Book Review: Big Magic
(Cross-posted from Goodreads with slight formatting/wording differences)
Despite a lot of padding and a supernaturalist and religious perspective I don't share, this book has a lot of useful stories.
When I say padding: It repeats itself a decent amount. It feels like it could have been compressed to 100 or 150 pages with more ruthless editing, if not fewer pages. However, I did find, inside the repetition, a there there.
Liz Gilbert describes inspiration as a supernatural, divine force. She notes at one point that she was anxious of expressing this idea, that people would find it silly. I don't buy into it, but taken as a metaphor, I like it as a workable analogy with fun imagery.
Gilbert makes a few references to 'God' and the divine which I found slightly annoying. However, I found the book worked well enough without sharing her religious perspective.
The stories are to me the most valuable part. This book has lots of stories. I suspect this book is at its most useful as a grab-bag of stories to pull out at appropriate times. It's the stories that I take away from this first reading.
For example, Liz tells a story about the first time she got published with the short story "Pilgrim." She got the story accepted in a magazine, but later there was an 'emergency' and she was asked to either cut 30% of her story's pages for them to publish it that issue, or else gamble on the same editor still being around for the next issue of that magazine.

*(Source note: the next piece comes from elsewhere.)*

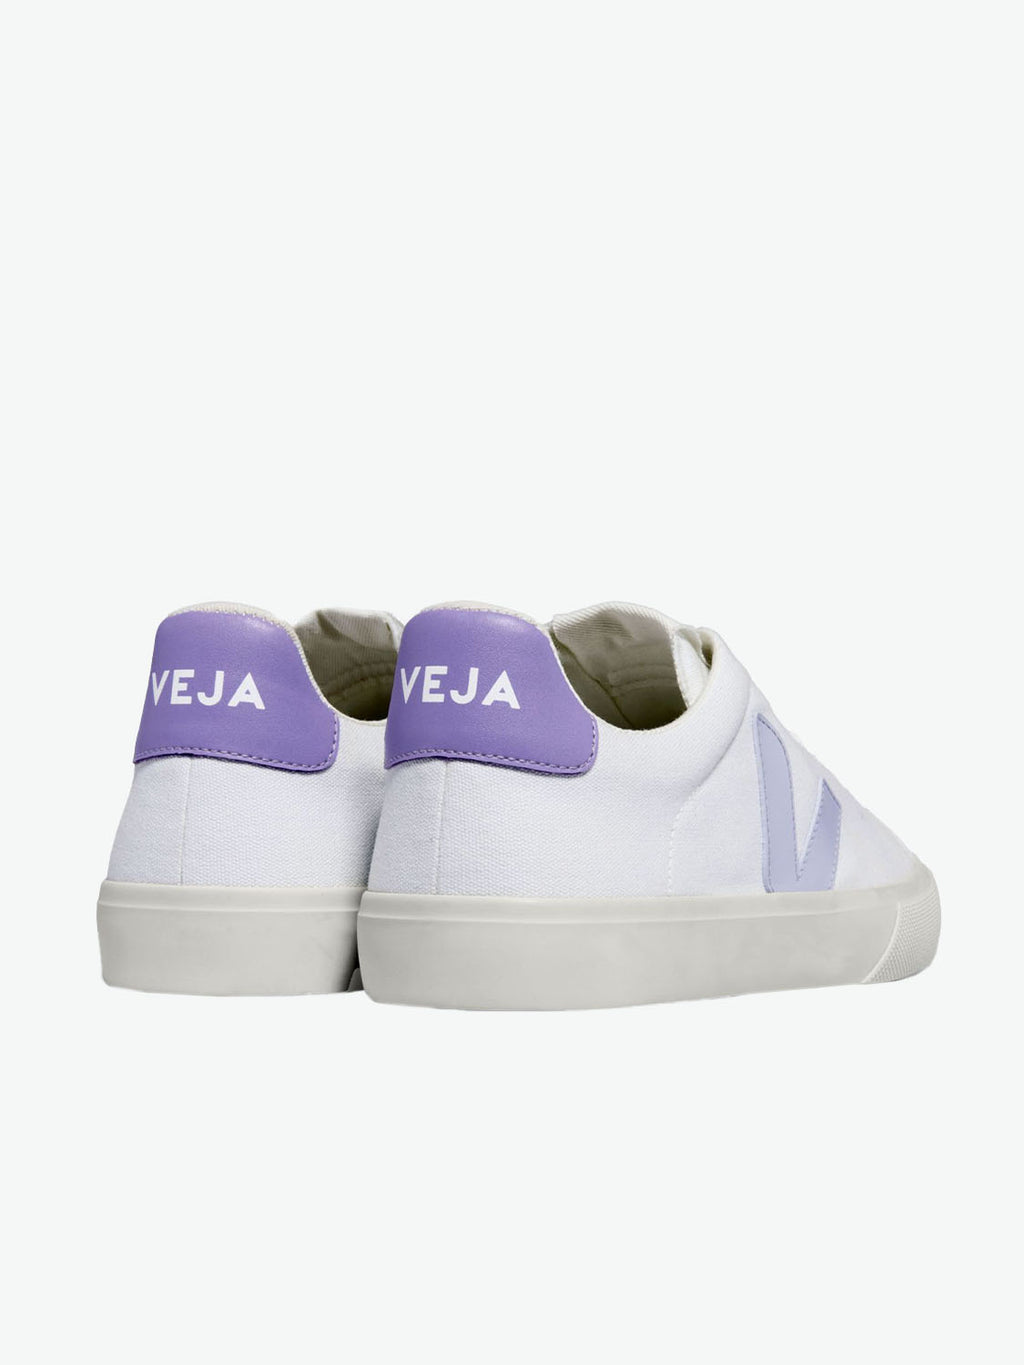 Veja Campo Canvas White Lavender Sneakers
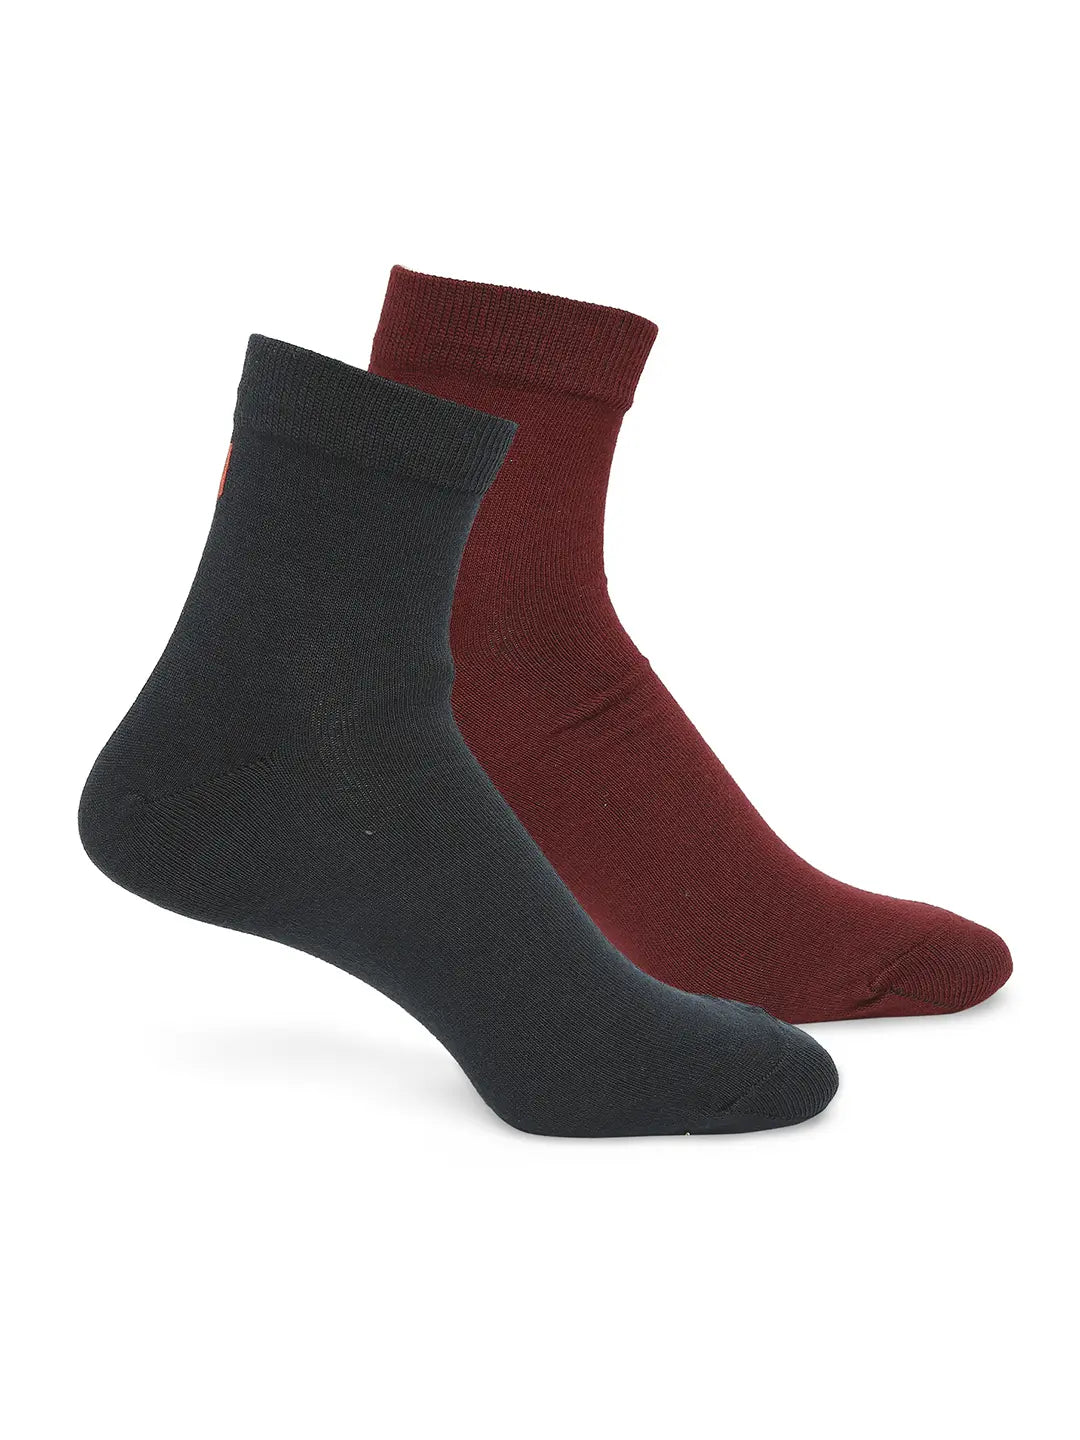 Men Premium Navy & Maroon Ankle Length Socks - Pack Of 2- Underjeans by Spykar

She'd already edited it down as much as she thought she could—every word counted. Reading this account in Big Magic, I thought I probably would have gambled on the next issue. It's less work and preserves the integrity of the story and if it can't work here then maybe it can work somewhere else. But I was surprised: Liz decided to do the cuts, and came out the other side liking the shorter new story that came out of that—even while acknowledging it's a different story. It shows that one can do this kind of cutting and end up with art that's still worthwhile, that one can cut on the altar of publication (first publication) and end up with a functional, if altered, story. It showed me that one doesn't have to be so precious about the integrity of the Original Story.
Liz includes a bunch of stories like this one. There's one about a painter who came to a medieval theme party dressed as a lobster, a story about dance in Bali, and of course the elk story. Each one encapsulates in a memorable episode some similarly useful idea or perspective to try on.
I am glad this book exists. I don't buy into every word, but I'm glad Liz Gilbert expressed it in the way she did anyway. I find the stories excellent. They're fun, but they're more than fun. The stories are useful.